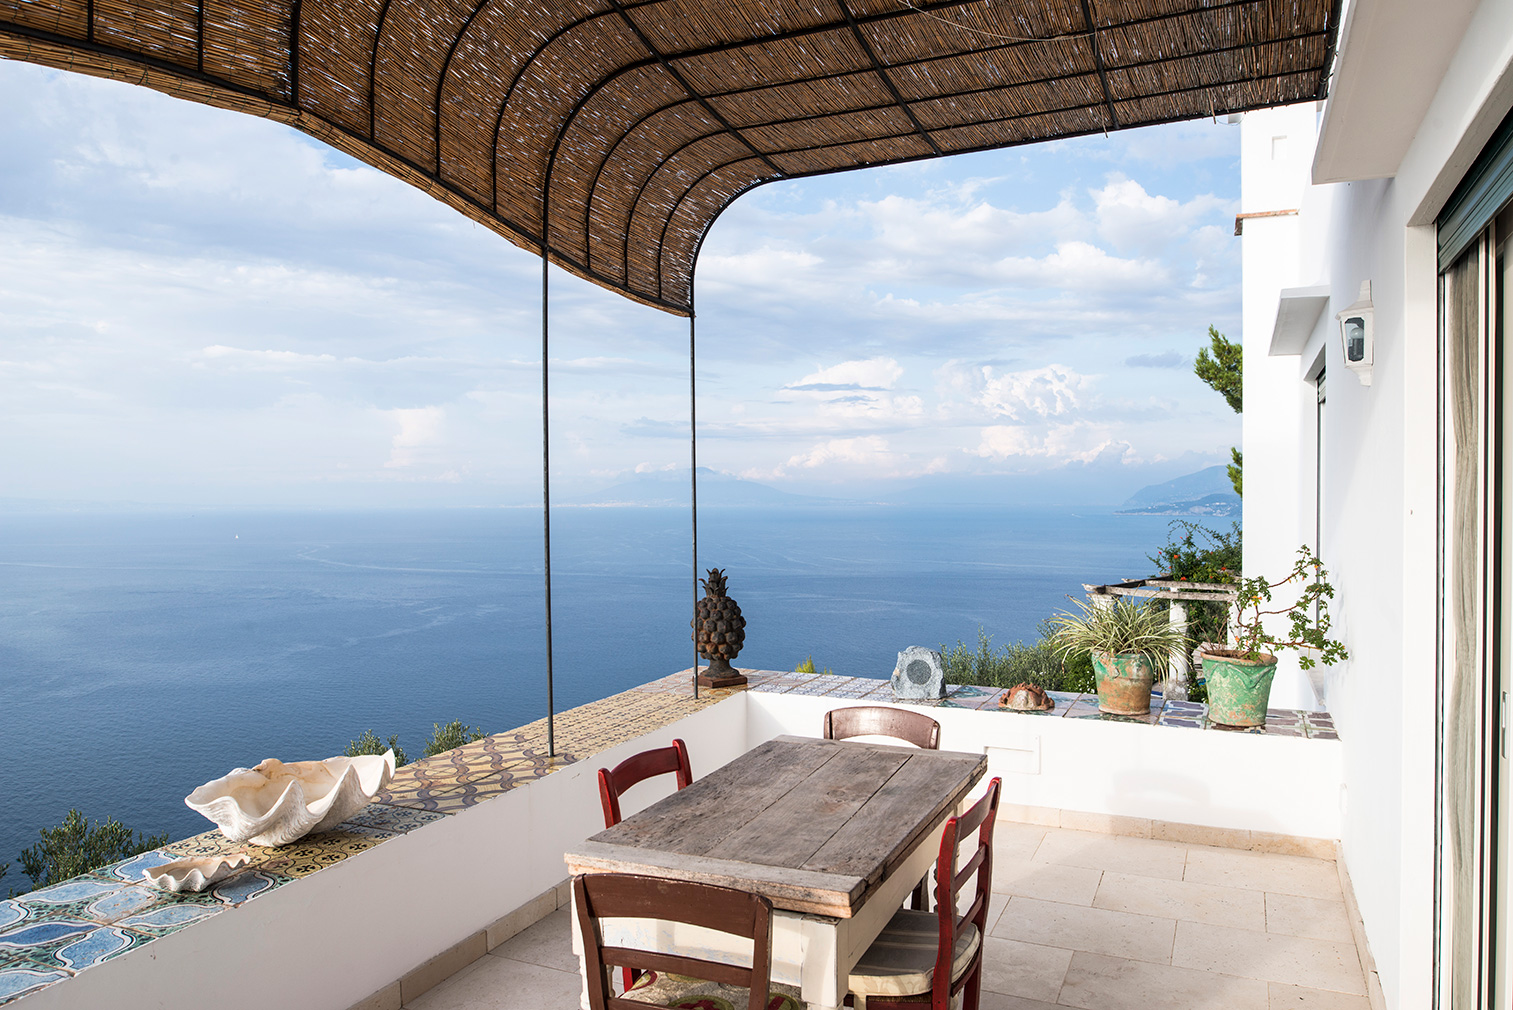 A clifftop villa with sea views hits the market on the island of Capri
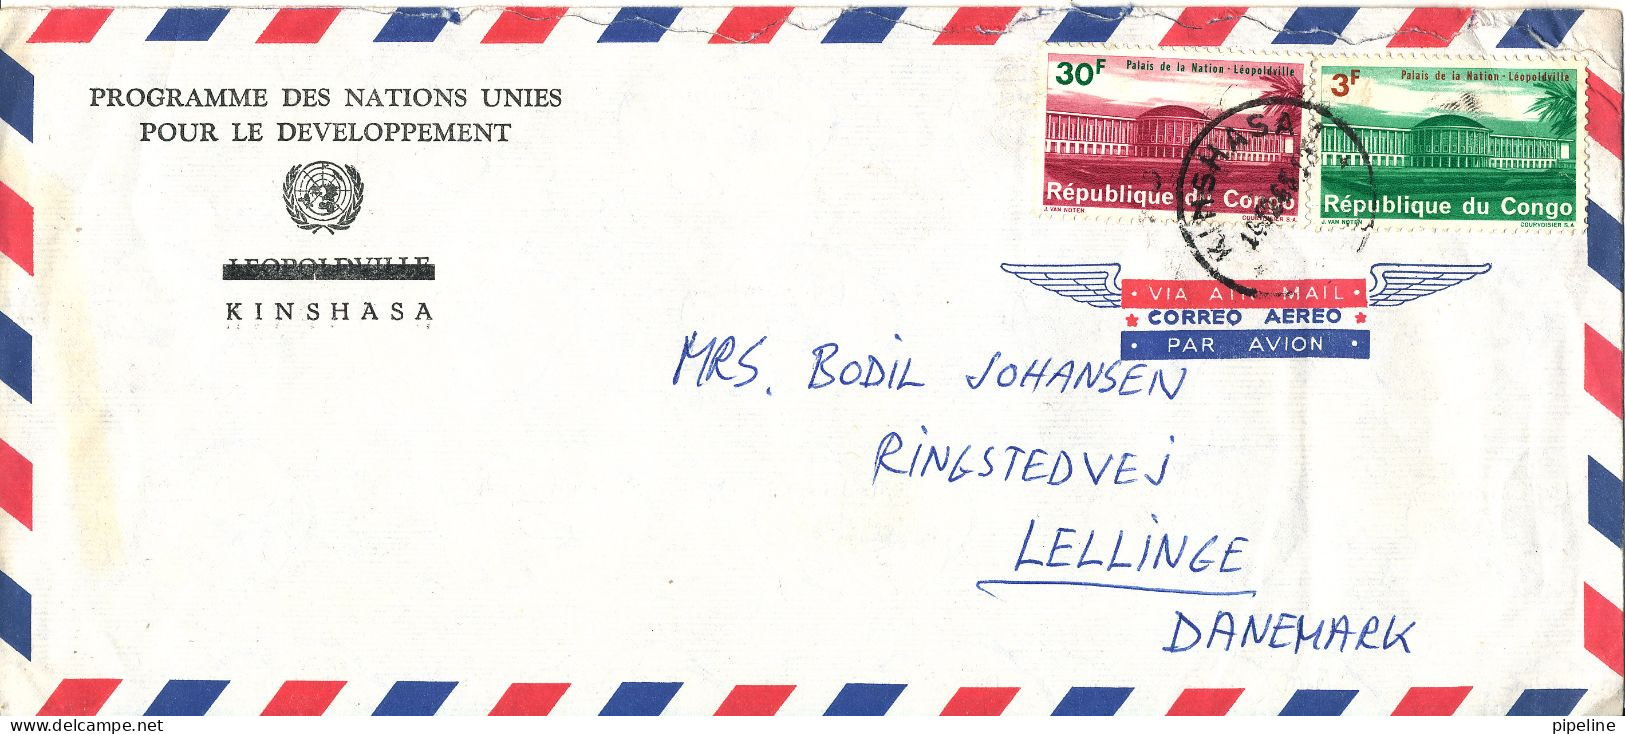 Congo Kinshasa Air Mail Cover Sent To Denmark 14-12-1965 The Cover Is Damaged At The Top By Opening - Covers & Documents
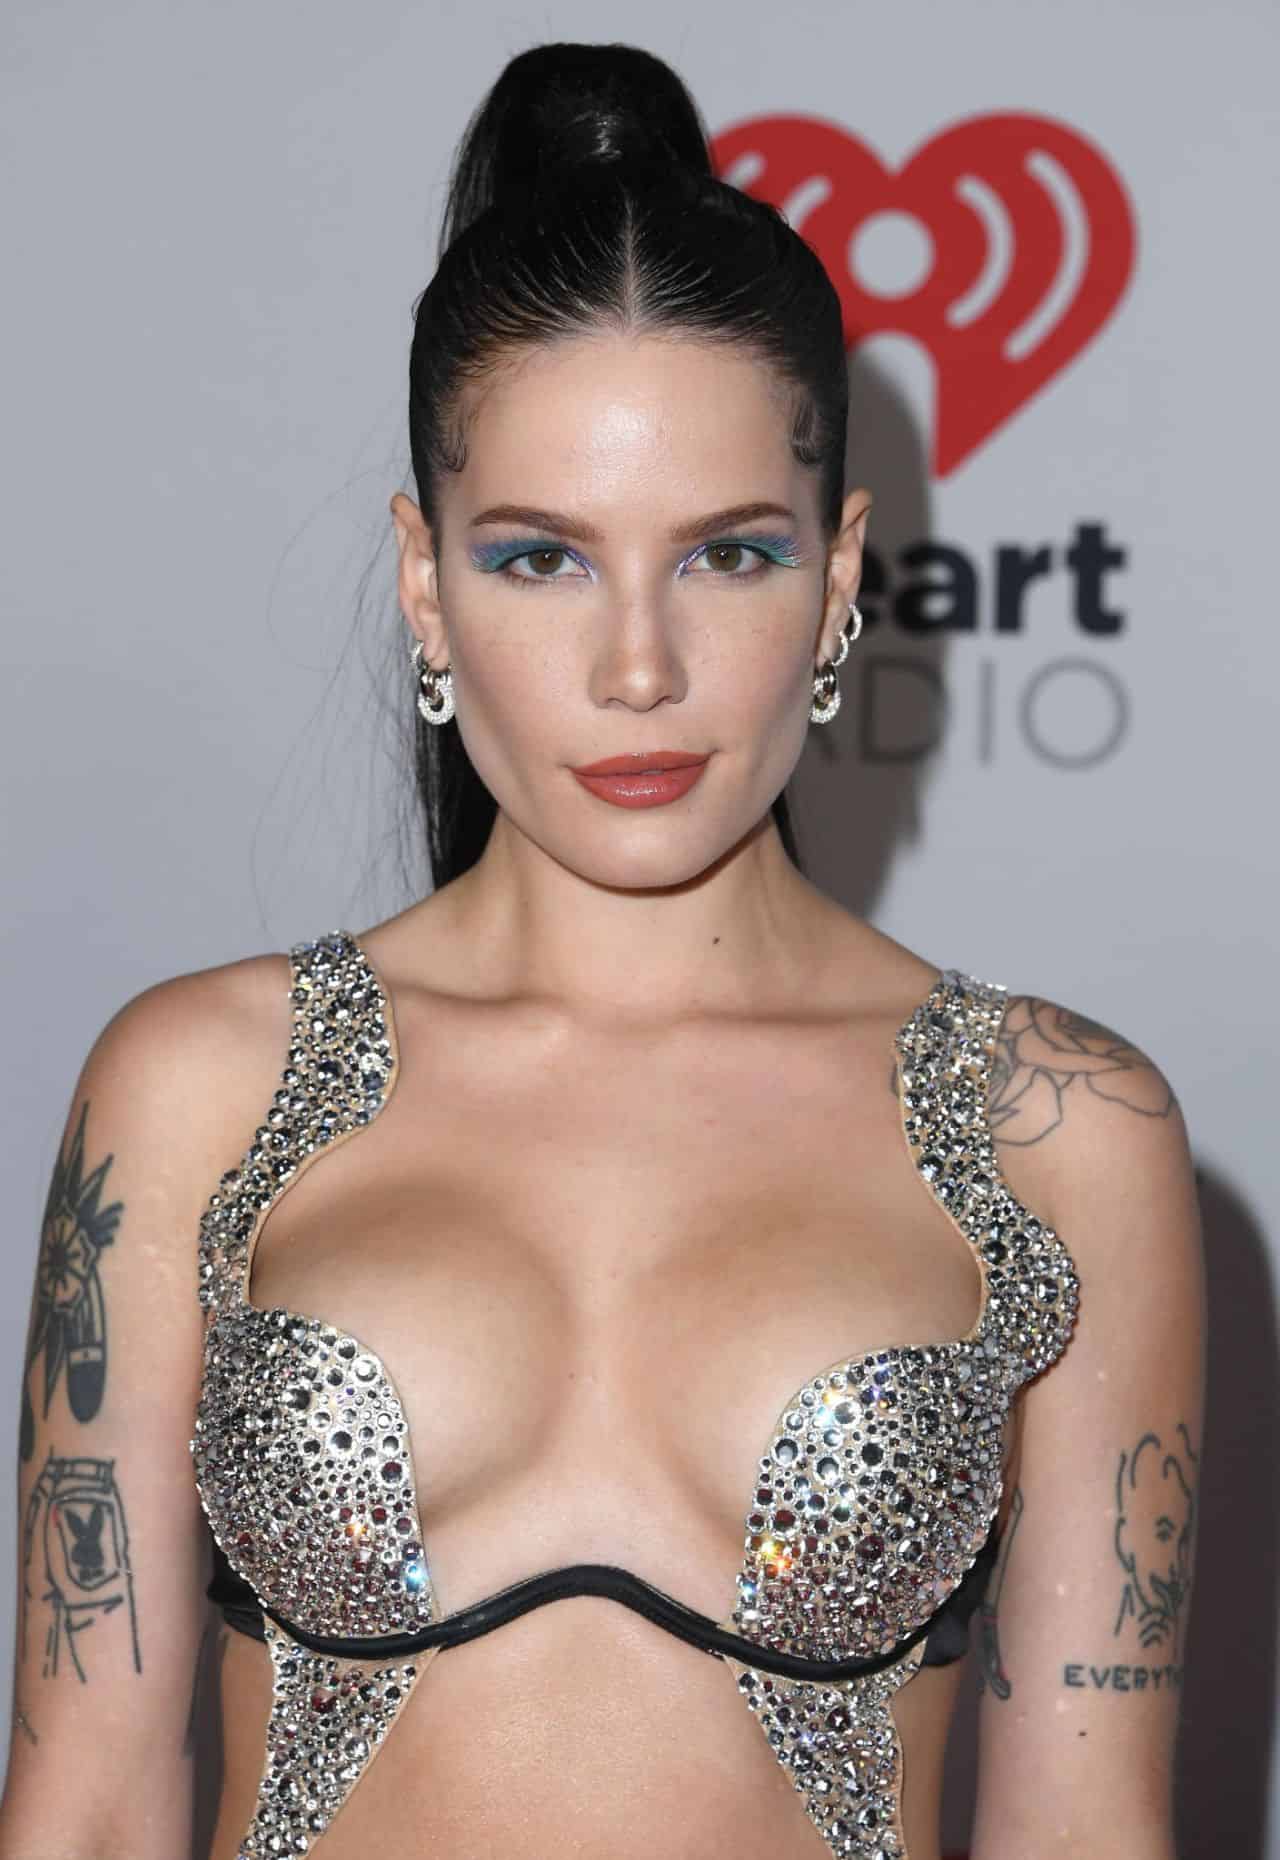 Halsey Dressed to Impress at the 2022 iHeartRadio Music Awards in LA
______
REQUIREMENT - Leaving the pictures out, copy exactly the lines from the line that contains "Congo Kinshasa Air" to the last line of the data, both ends included.

EXERCISE ANSWER -
 Congo Kinshasa Air Mail Cover Sent To Denmark 14-12-1965 The Cover Is Damaged At The Top By Opening - Covers & Documents
 Halsey Dressed to Impress at the 2022 iHeartRadio Music Awards in LA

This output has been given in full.